Luxury as renunciation still counts at The Row, but something has changed. The monkish layers and Saturday morning softness of the last few collections give way to something a little more conservative, a little more austere: hair pulled back in a bun, pencil skirts down to the calf, fitted jackets cinched at the waist, wide skirts and high heels, all in a narrow palette of white, black and beige.
A marked departure from the vernacular that has made Ashley and Mary-Kate Olsen the darlings of the fashion intelligentsia and The Row a successful brand. The relationship between dress and body is different: no longer a dancing and floating, but a close, sculptural encounter.
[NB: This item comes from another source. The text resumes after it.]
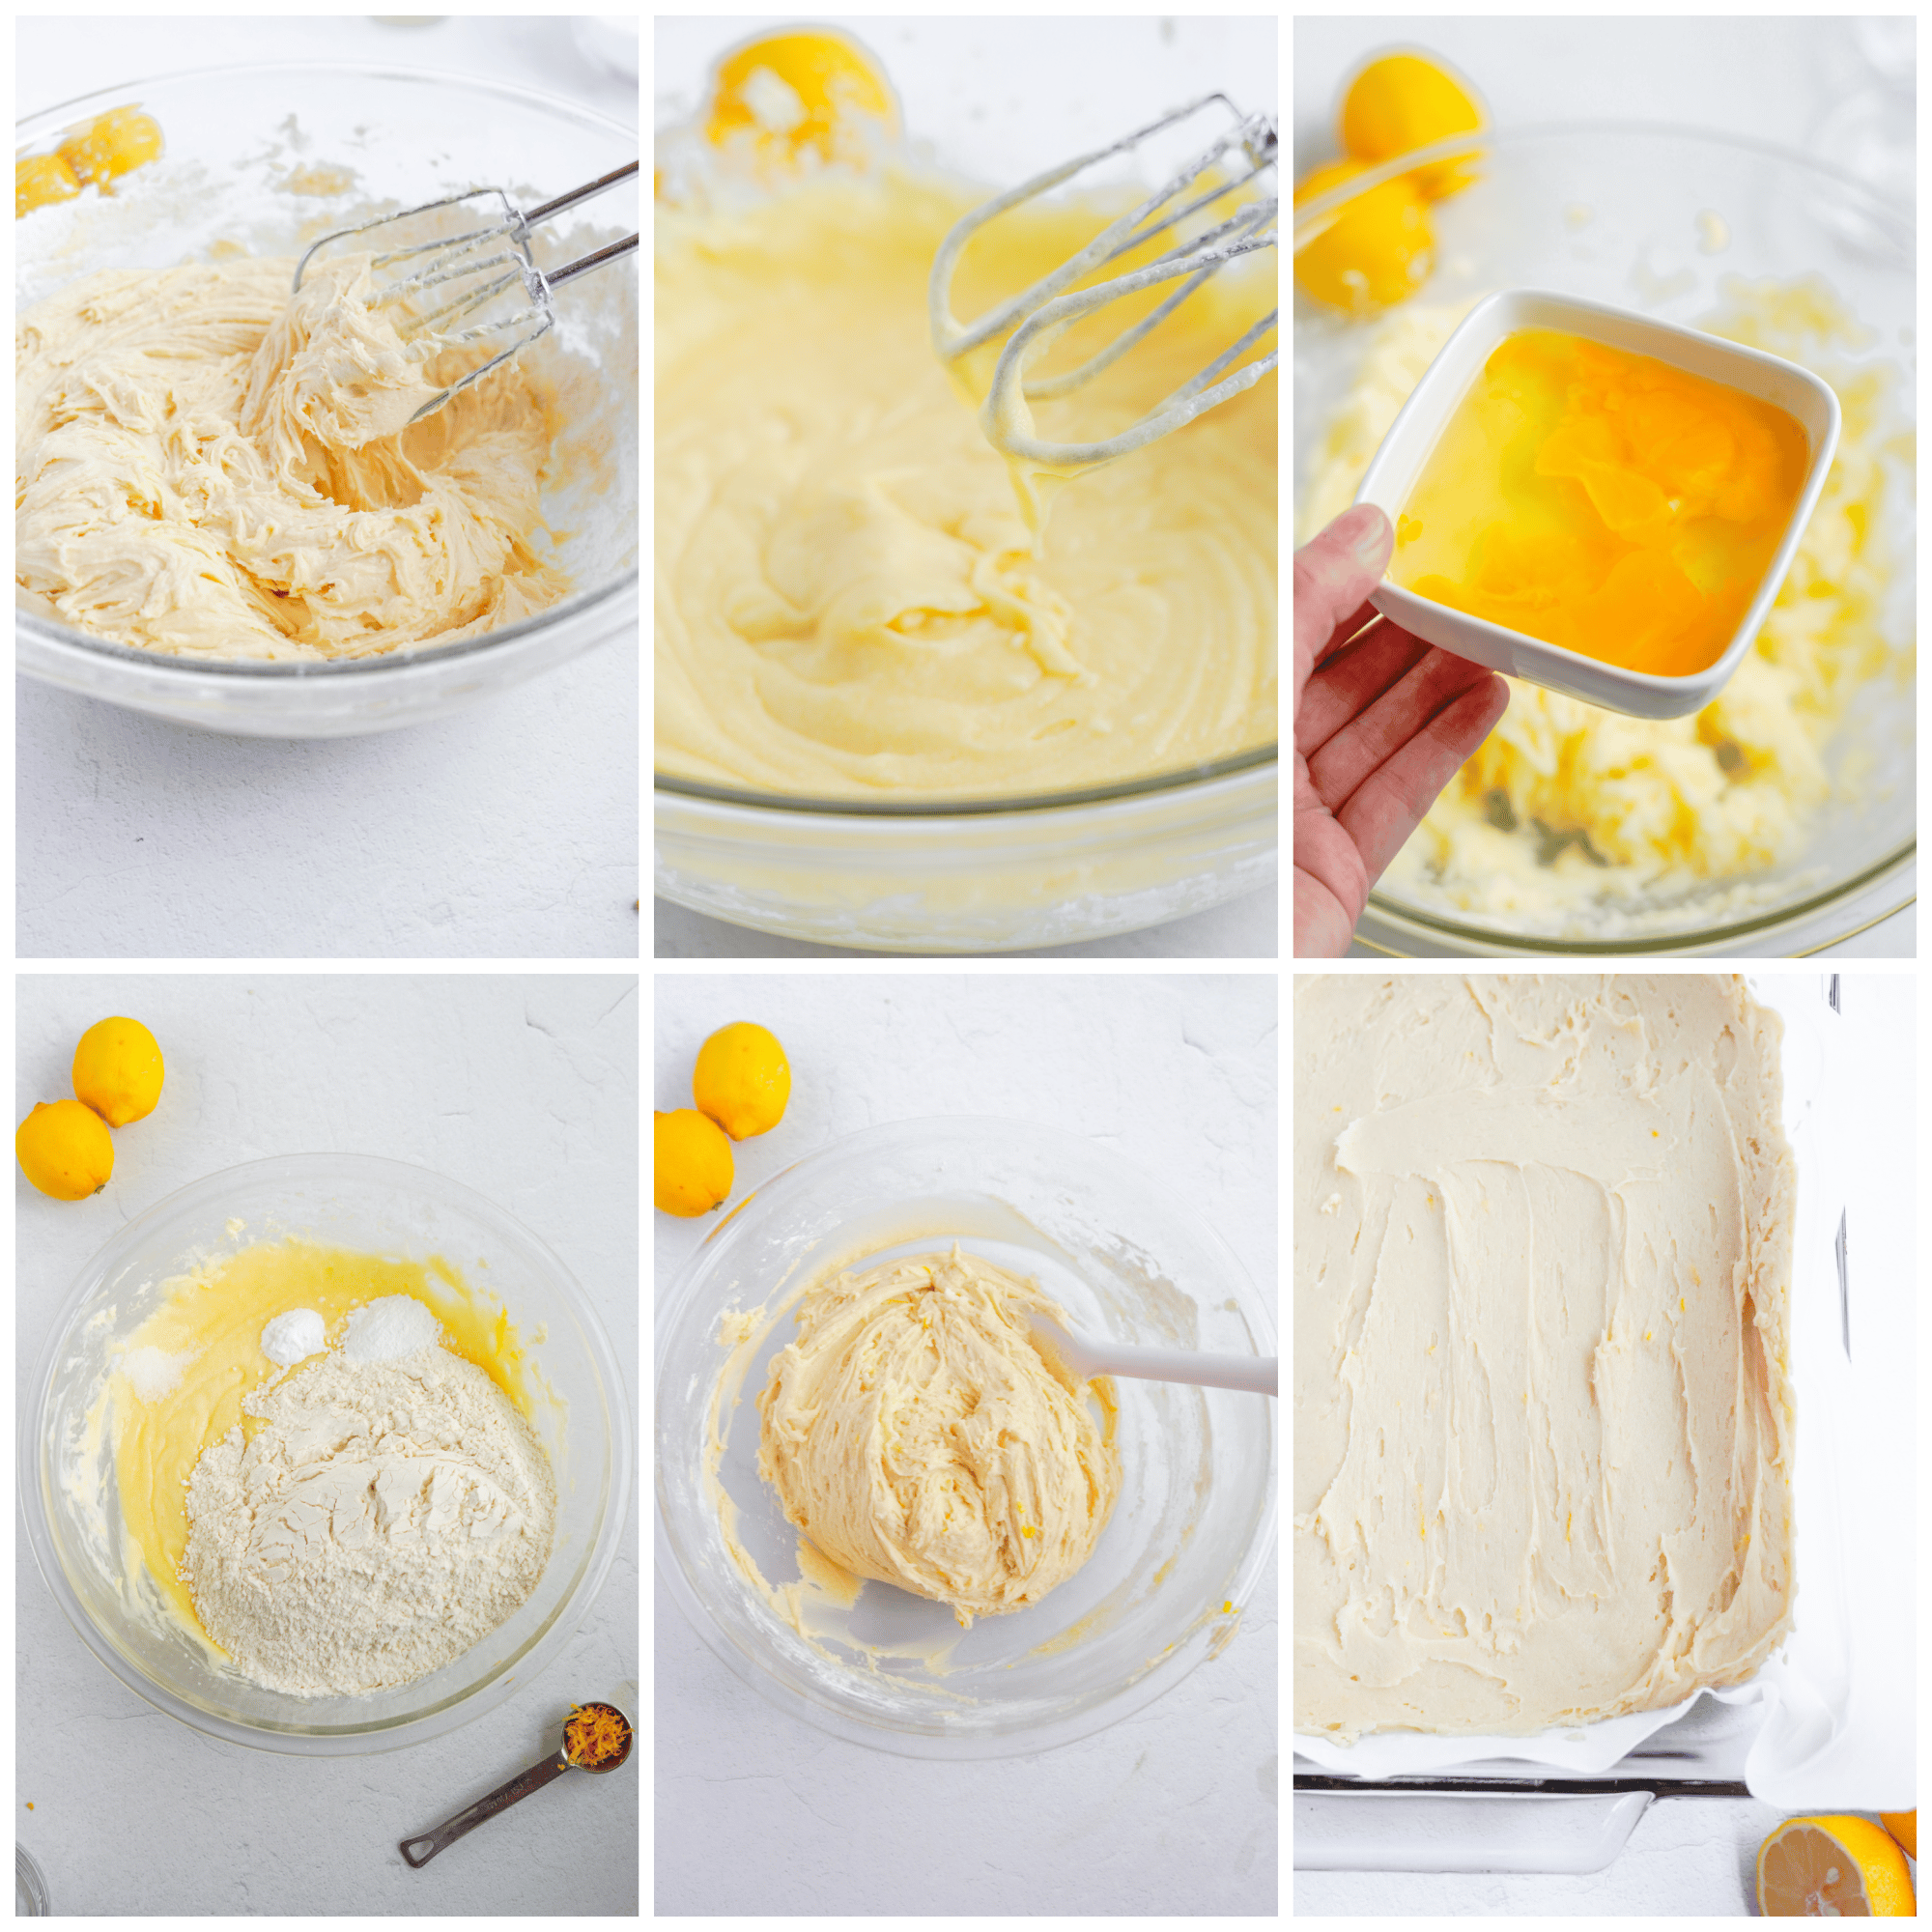 Collage images showing the steps needed to make Lemon Sugar Cookie Bars.
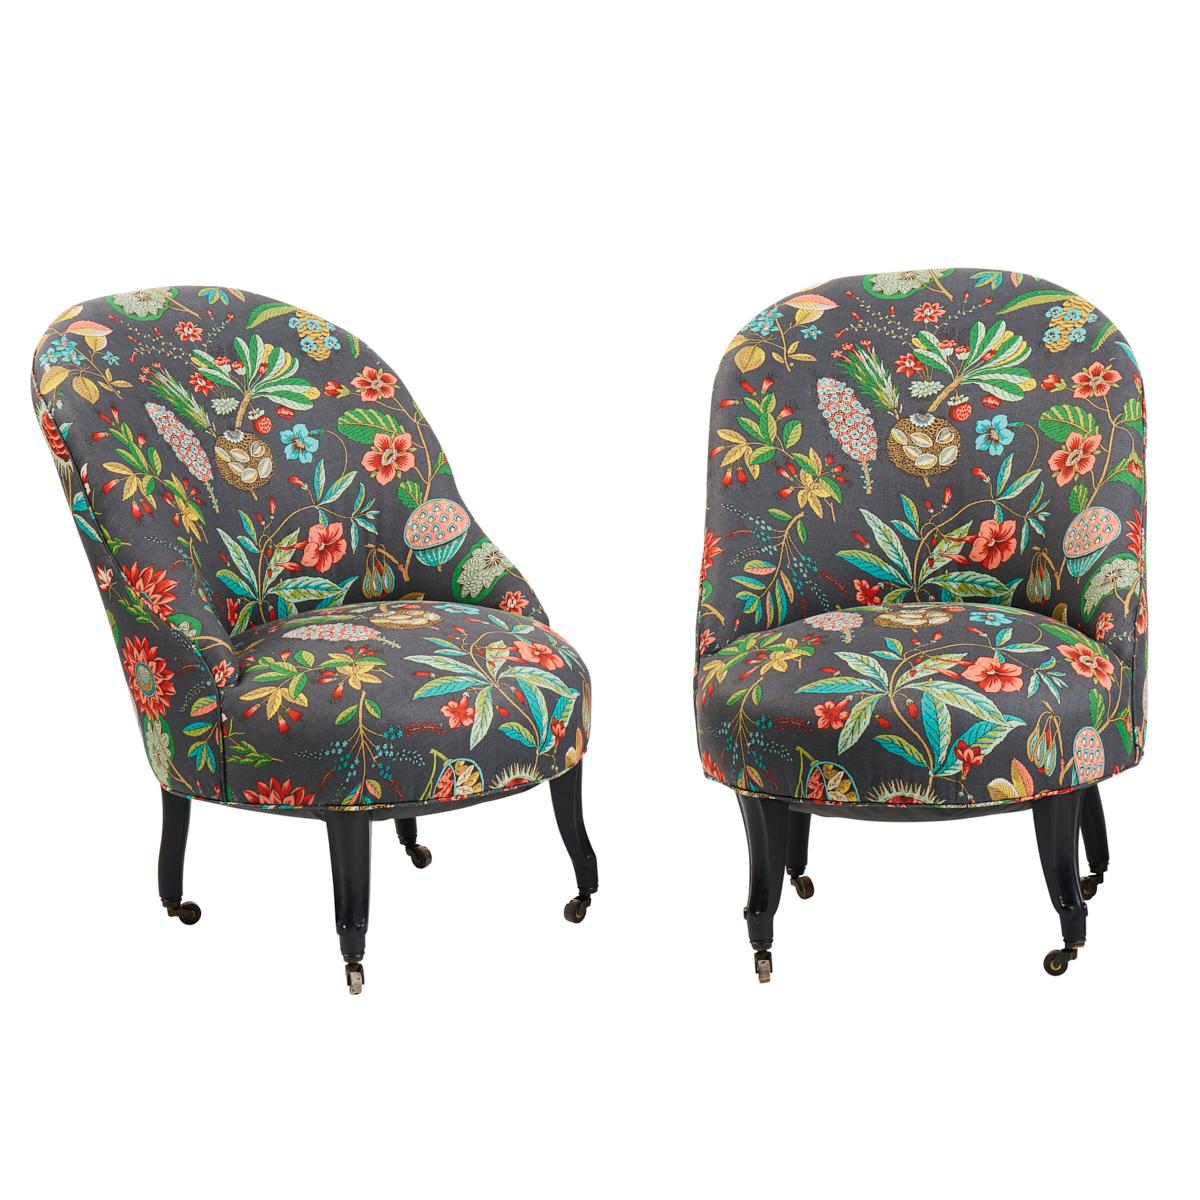 We love the elegant simplicity of this pair of antique Napoleon III slipper chairs, discovered in the South of France and newly upholstered LaRue Stripe fabric in midnight. With high square backs that are perfectly pitched, these gorgeous chairs are

What remains is a taste for the unadorned, an as if casual way of putting things together, and the sense of unattainable opulence of a fabulous wardrobe that seems to be made up of haute couture pieces inherited from mother or grandmother.
Rick Owens continues the discourse begun with the men's fashion show in June, linked to the retrospective exhibition currently running at the Musée Galliera, and talks about his personal, ongoing quest for glamour and debonairness. What is striking about this new fashion show in the waters, however, is the ethereal quality of the clothes as well as the vision. It does not seem to be the infernal Styx into which the models plunge with their tunics and train, but the Dantean Eunoè, the river that reinforces the memory of the good accomplished.